Religious liberty is dead: Texas lawyer ordered to stop praying in court or be disbarred
08/18/2016 / By newstarget / Comments
Religious liberty is dead: Texas lawyer ordered to stop praying in court or be disbarred

Freedom of religion, freedom of speech, the right to a fair trial, and Facebook postings have stirred-up a hornet’s nest in  Ellis County.

(Article by L.P. Phillips)

It starts with Waxahachie lawyer Mark Griffith, who  doesn’t mind telling anyone he prays for help before court, during a trial and on Facebook.

It’s the Facebook part that is at issue, another new twist in the odd world that social media has created.

Twice, in separate trials, the Ellis County District Attorney’s office has convinced judges to stop Griffith from posting running commentary of a trial in his prayers on Facebook.

“No lawyer is allowed to make running commentary in the public forum regarding witnesses, the character of witnesses, the opinion of the guilt or innocence of defendants or suspects in criminal cases.” said Patrick Wilson, Ellis County District Attorney.  He claims it’s basic legal ethics.

The argument doesn’t hold water with Griffith.  He contends his office has a history of tweaking the DA in criminal cases, and he sees the argument over his prayers on Facebook as an effort by the District Attorney’s office to throw him off balance.

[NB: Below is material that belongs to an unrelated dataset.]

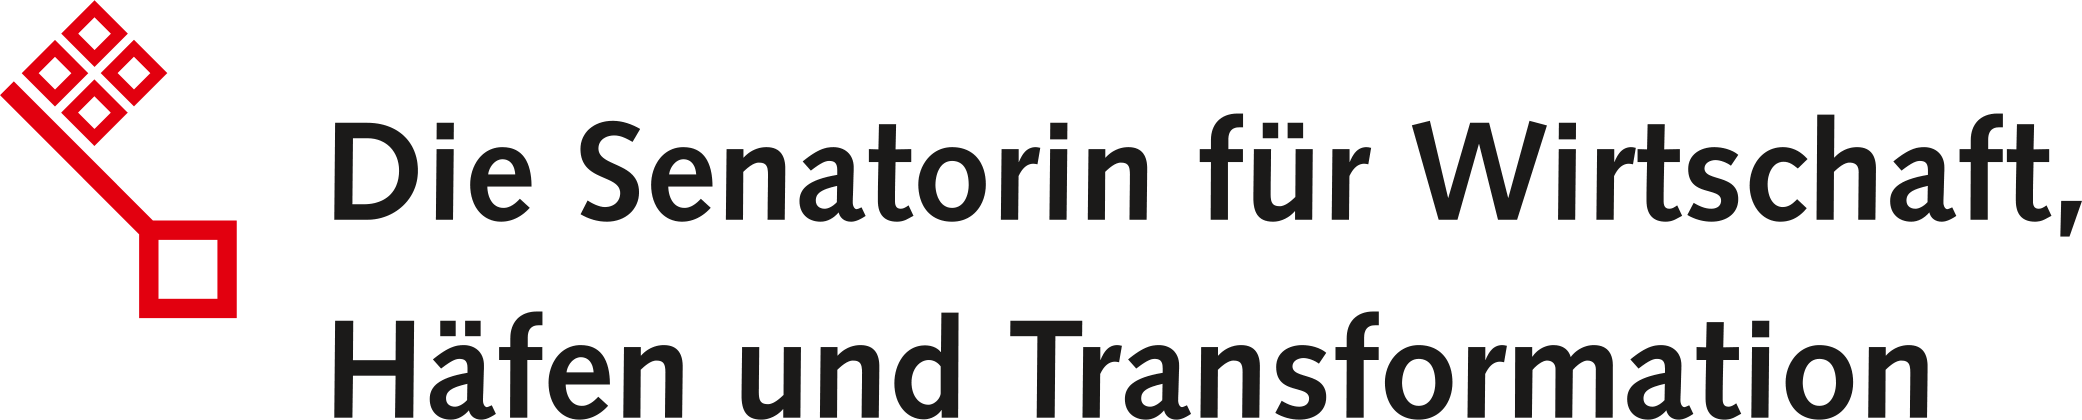 Logo Die Senatorin für Wirtschaft, Häfen und Transformation
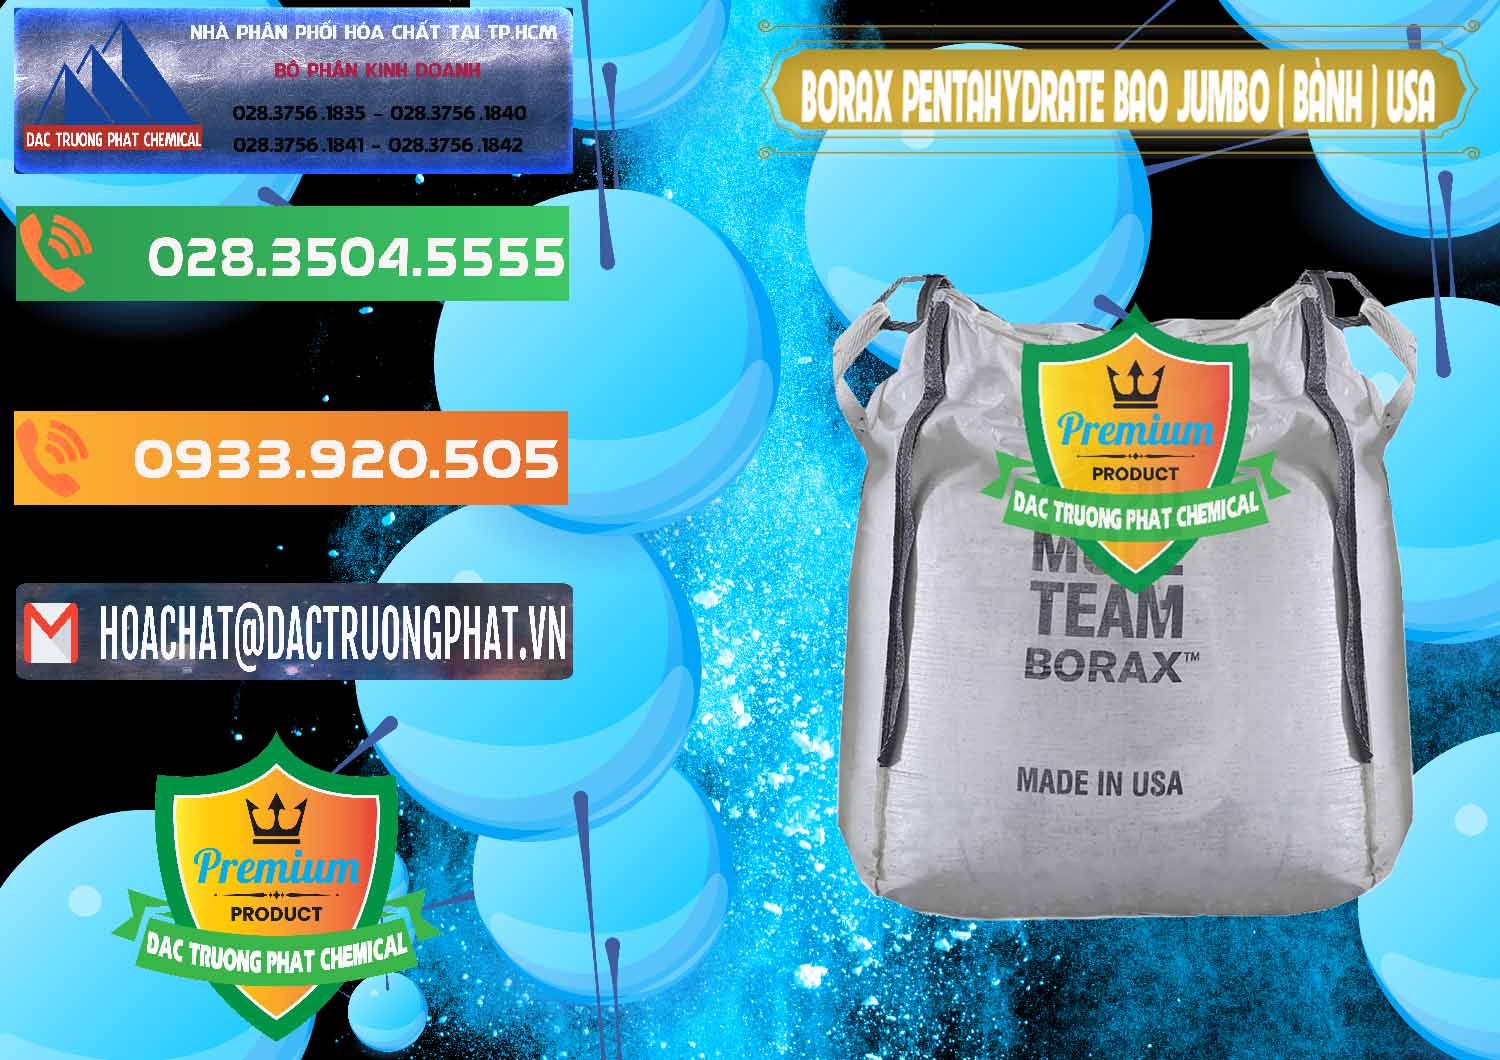 Chuyên cung cấp & bán Borax Pentahydrate Bao Jumbo ( Bành ) Mule 20 Team Mỹ Usa - 0278 - Chuyên cung cấp & phân phối hóa chất tại TP.HCM - hoachatxulynuoc.com.vn

“I can assure you he’s not going to” said Griffith.  “What he attacked was my firm’s personal Facebook page and prayers mentioned by me prior to trial and during trial.  And there’s not going to be a motion, and there’s not going to be any order from any court, that’s going to keep me from praying and asking for God’s wisdom as I’m fighting for his children.”


Wilson says Griffith knows better and is hiding behind religion.  “Prayer has nothing to do with this. The right to free speech has nothing to do with this” says Wilson. “This has everything to do with maintaining the integrity of our judicial system. And if he wants to fight that fight with the state bar of Texas, good luck.”

Griffith is quick to point out an instruction virtually every judge gives every juror during a trial: Jurors are not to read, listen to or view accounts of the case during the trial.  The case is to be decided from the evidence presented in court.  Griffith says he has never found a juror who didn’t take that admonishment to heart.

But the murky world of social media can present challenges to the most conscientious of jurors.  What if, Wilson asks, a person were to copy one of Griffith’s postings then repost it on their Facebook page?  Or what if they send it along through Twitter

“That’s absolutely a concern.” Wilson argues.  ” Unless someone knows how to completely lock down and prohibit jurors from even looking at social media during the course of a trial, this is the only way to appropriately control a trial.  And prayer has nothing to do with it.”

So far the judges have sided with the state in a broad way.  Griffith is allowed to pray on social media, so long as those prayers don’t contain a running account of the trial.

Griffith plans to appeal.  “I am not going to give up my faith.”